As dusk fell – which in December happens around 4 PM in North Germany – the so-called “Nikolausläufer”, children dressed up as St, Nicholas who go from house to house, sing a song or recite a poem and get a treat in return, began to arrive. I go it bit deeper into this tradition in this post from 2010.
Because the weather was nice, 2012 was a good year for Nikolausläufer. I got 21 kids on my doorstep, from toddlers to teen boys stuck in the middle of the puberty voice change (being a cruel person, I made them sing for their treat). Since I only bought 20 Kinder Surprise Eggs, that meant that one kid had to make do with two bars of Ritter Sport mini chocolates and a bag of gummy bears I found in the cellar. No idea where it came from – I never buy gummy bears, cause I’m allergic.
Interestingly, the gender balance in my neighbourhood seems to have shifted from lots of little boys to lots of little girls. At any rate, I got a lot more girls than boys on my doorstep. So the “pretty in pink” eggs were not such a bad idea after all – in fact, they went faster than the regular edition.
There probably would have been more Nikolausläufer, but at quarter to seven in the evening I had to leave to go to the monthly translators’ meet-up at Leo’s restaurant. I had a rather seasonal filet of deer, served with red cabbage, potato dumplings and chestnut sauce.
Celebrating St. Nicholas Day is mainly a German and Dutch tradition, but the tradition also survived in Pennsylvania among the descendants of German settlers, though St Nicholas is called Belsnickel there.

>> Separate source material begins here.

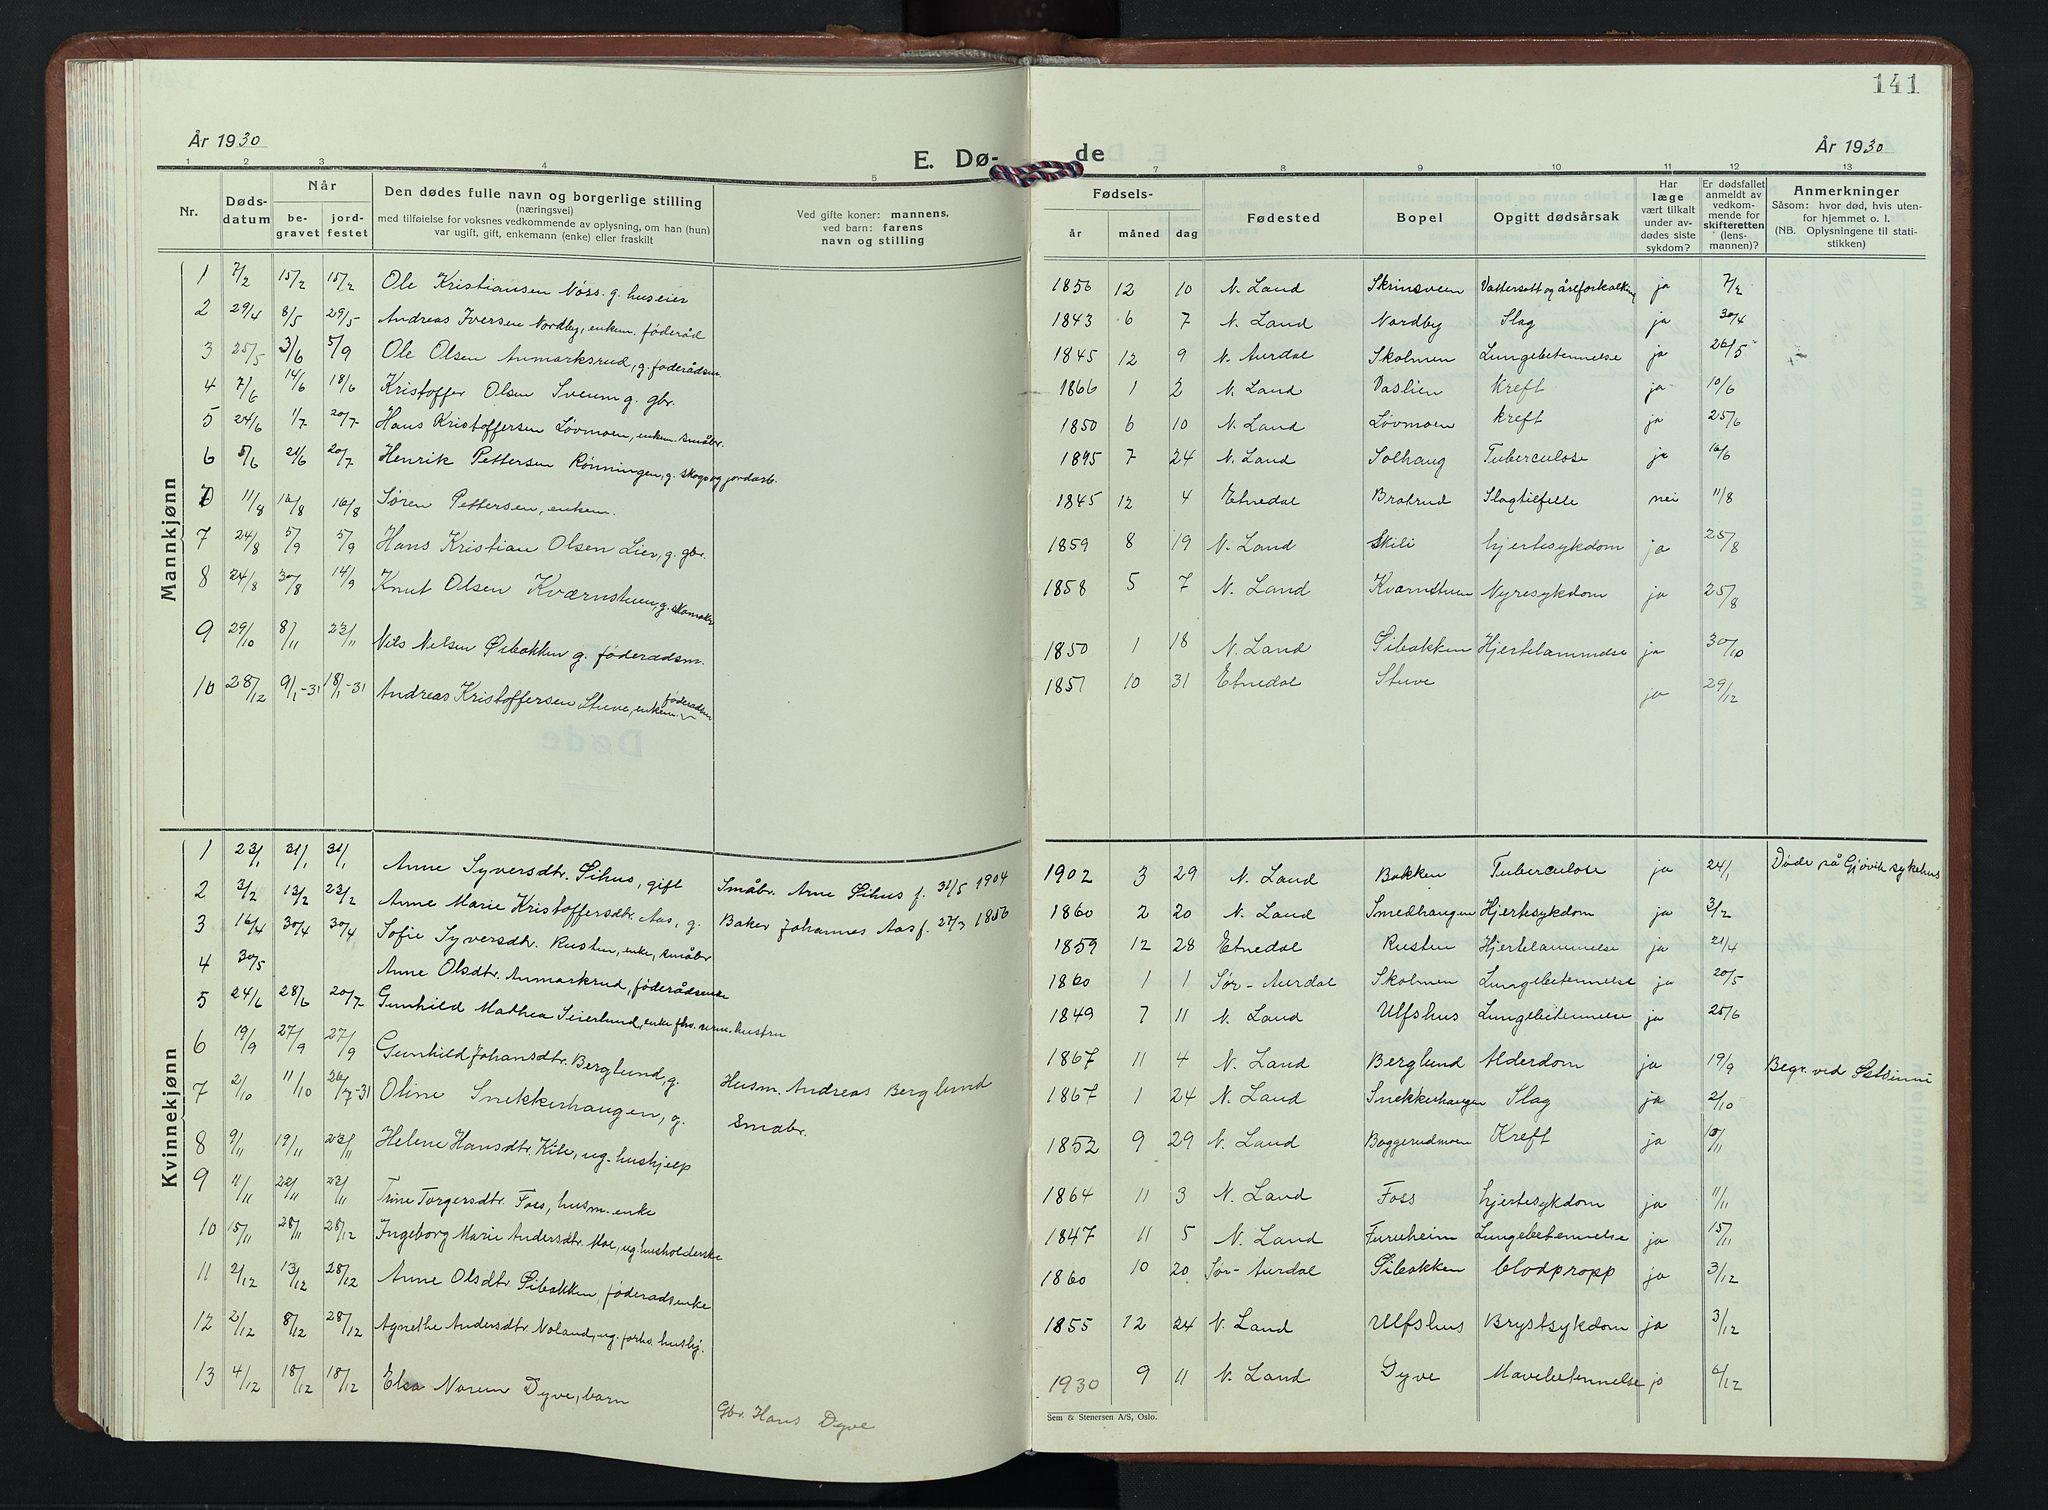 SAH, Nordre Land prestekontor, Klokkerbok nr. 7, 1930-1953, s. 141
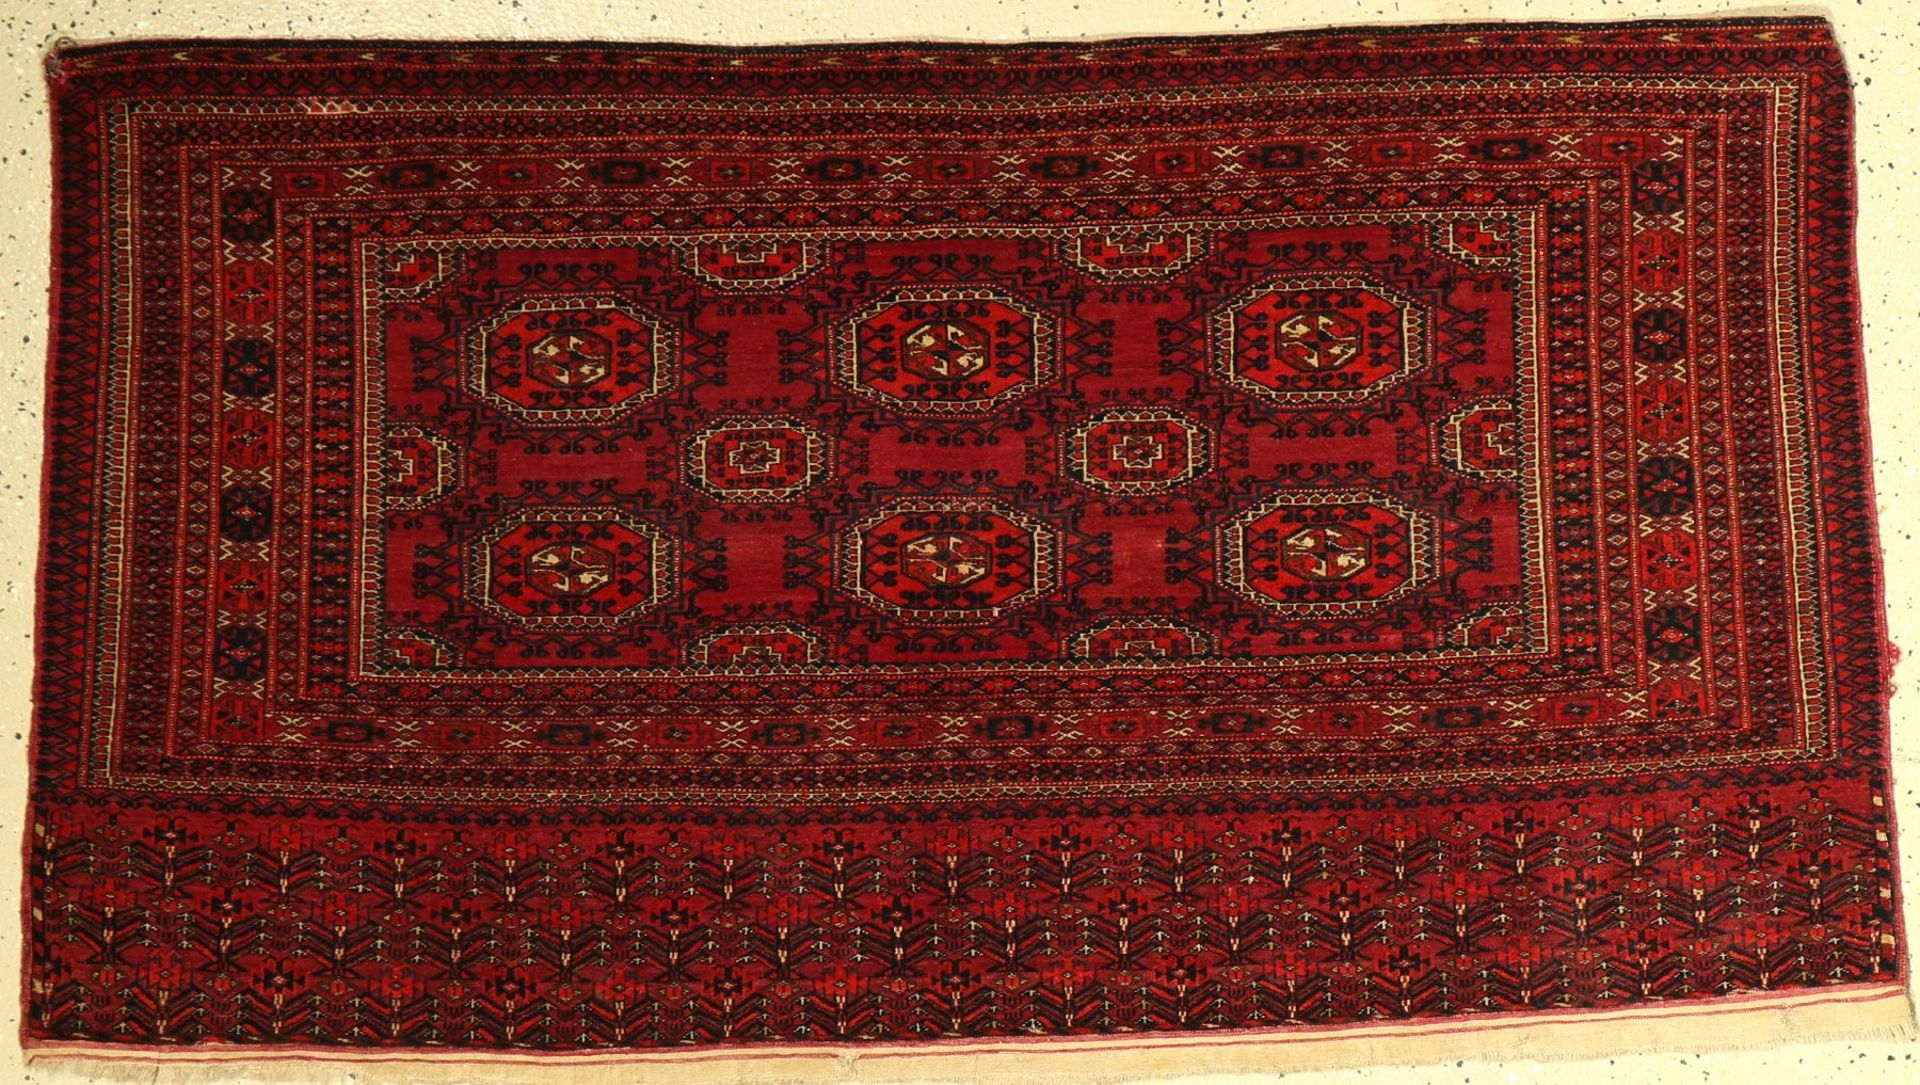 Tekke Tschowal antik, Turkmenistan, um 1900, Wolle auf Wolle, ca. 140 x 80 cm, EHZ: 3

Kathleen Valentine shares some of her childhood memories of St. Nicholas Day on her blog. There’s also a follow-up post, in which I’m quoted. She has also written a lovely St Nicholas day themed novella called The Reluctant Belsnickel of Opelt’s Wood. It’s not just the perfect holiday read for the day, but also free at Amazon at the moment, so get yourself a copy.
In other news, Oscar Niemeyer, the Brazilian architect who built Brasília, the UN headquarters in New York, the Serpentine Gallery in London and many other world famous buildings, died today just a few days short of his 105th birthday. Until very recently, he was still working as an architect, too. The Guardian has an image gallery of some of his works. I was never the biggest fan of modernist architecture, but Niemeyer’s work I always liked. His buildings have the sweeping futuristic look of golden age SF cover or a Bond villain’s HQ.